I got this error while trying to do salmon from an aligned bam file. The bam file is an output of tophat from paired end fastq file.
WARNING: Detected suspicious pair ---
The names are different:
read1 : SRR2103637.12484815
read2 : SRR2103637.12492049
The proper-pair statuses are inconsistent:
read1 [SRR2103637.12484815] : proper-pair; mapped; matemapped
read2 : [SRR2103637.12484815] : no proper-pair; mapped; matemapped
My salmon command is:
salmon quant -t ../idx/Ch38.cdna.all.fa -l IU -a sorted.bam -g ../gene_map.txt -o salmon_out
I tried both unsorted bam and sorted bam and both resulted the same warning.
My questions are:
- What can I do to fix this or I can just ignore it?
- For libtype parameter in Salmon, how to choose the correct parameter? How can I check whether it is inward, backward, or matching and stranded of not stranded? Can I check from the fastq files or it has something to check from the experiment itself? I downloaded the data from NCBI GEO and it said it is from Illumina HiSeq2500100bp paired-end mode of the TruSeq Rapid PE Cluster kit and TruSeq Rapid SBS kit (Illumina)

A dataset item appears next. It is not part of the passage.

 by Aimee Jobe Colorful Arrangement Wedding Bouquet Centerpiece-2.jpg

Thank you for your answer and suggestion.
Hi baharata,
One thing that seems strange to me in your description is this:
The fact that the alignments are the output of TopHat suggests that the alignment was against the genome. However, Salmon requires alignment against the transcriptome (where the aligner might be e.g. Bowtie2). It is, of course, possible that you aligned against the genome with TopHat and then converted the alignments into transcriptomic coordinates, but since this is uncommon and you didn't mention this, I assume this isn't the case. Can you clarify if these alignments are to the genome or to the transcriptome (as Salmon expects).
I used tophat to align fastq files to transcriptome reference from Ensembl (human cDNA reference) so I think it is okay to process with Salmon directly after that.

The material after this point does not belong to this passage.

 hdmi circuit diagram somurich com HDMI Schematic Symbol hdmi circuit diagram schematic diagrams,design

That's interesting, as TopHat is generally a split-read aligner that is used to map RNA-seq reads to the genome. When aligning directly to the transcriptome, one wants to avoid split-read mappings. I might see how things differ on one of the samples if you map with Bowtie2 (or something comparable) instead of TopHat.

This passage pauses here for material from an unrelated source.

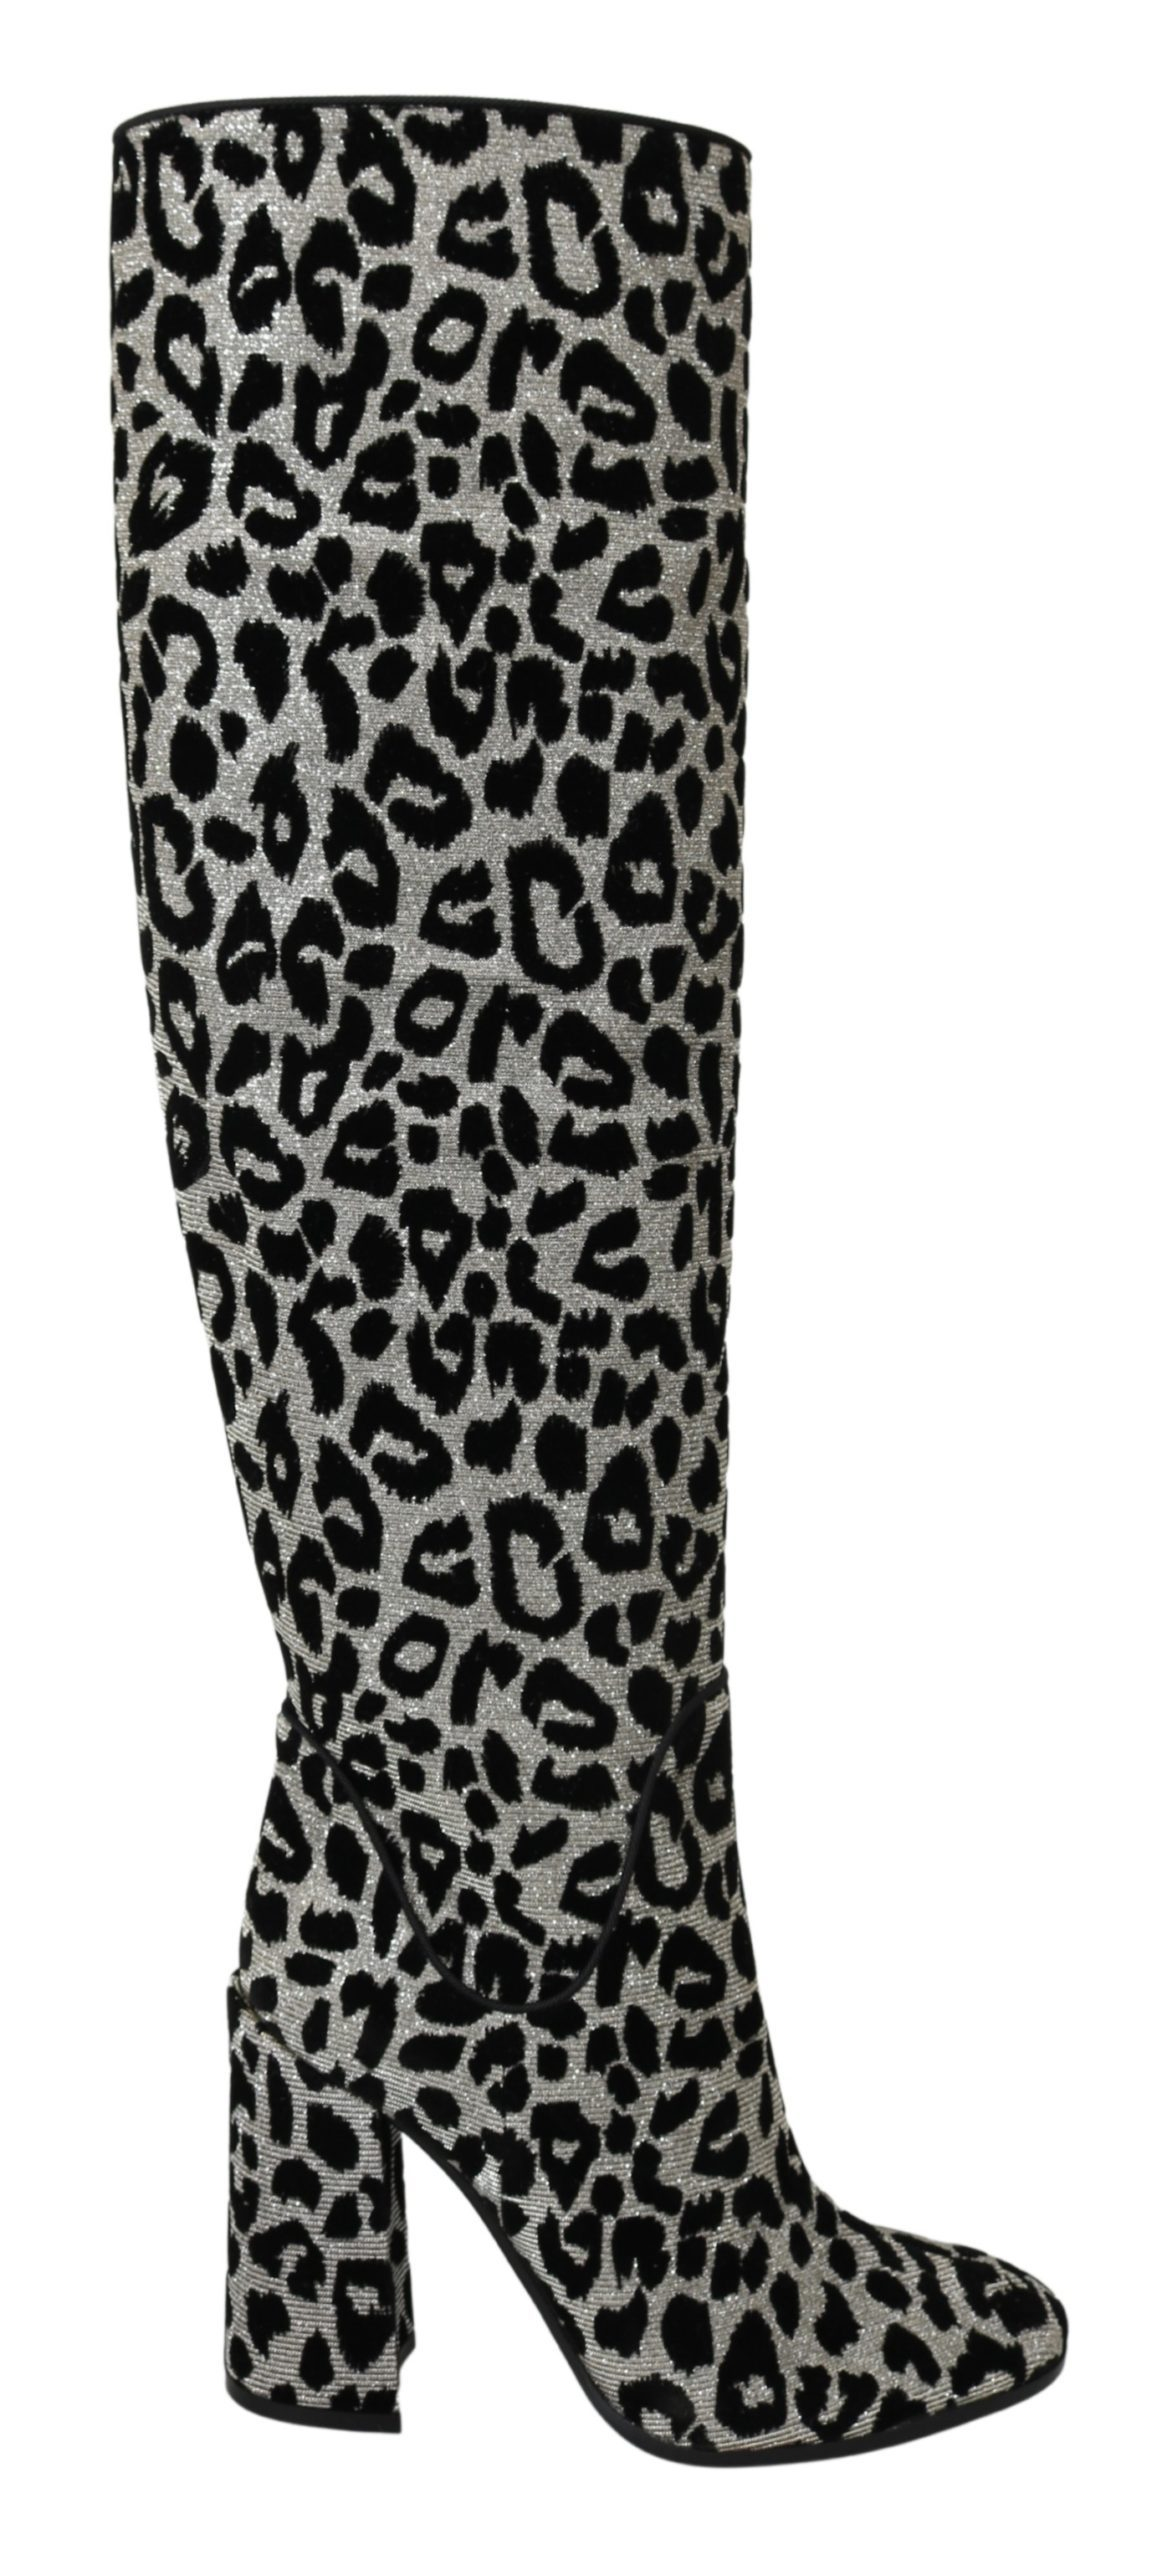 Dolce & Gabbana Women's Leopard Knee High Boot Black LA7087 - EU39.5/US9

I am having the same problem, did you manage to solve it. I have tried,
The major problem I am facing is, I just have BAM files aligned using HISAT. I do not have any source FASTQ files.
Hi EagleEye,
If you are using pre-aligned reads with salmon, the "reference" sequences that you pass to salmon should be the FASTA file containing your reference transcripts. However, if your reads have been aligned using HISAT, the bigger concern is that the alignment is likely done with respect to the genome rather than the transcriptome. A tool like sam-xlate (mentioned here should be able to covert from genomic to transcriptomic alignments). It is also important to note that Salmon (like RSEM) requires the alignment records for a given read, in case of multimapping, to (1) be consecutive in the input SAM/BAM file and (2) for the records for mates (i.e. left and right reads) to be consecutive. The most common alignment tools (e.g. Bowtie2, BWA, STAR) do this, and I believe HISAT does as well (since it uses much of Bowtie2's infrastructure for file parsing / writing), but that is worth verifying. Finally, in a worst-case scenario, you could always consider trying to recover some FASTQ file from the BAM (using e.g. bam2fastq) and then performing your quantification with that.
Thanks a lot for your suggestions, I will get back once I try these solutions.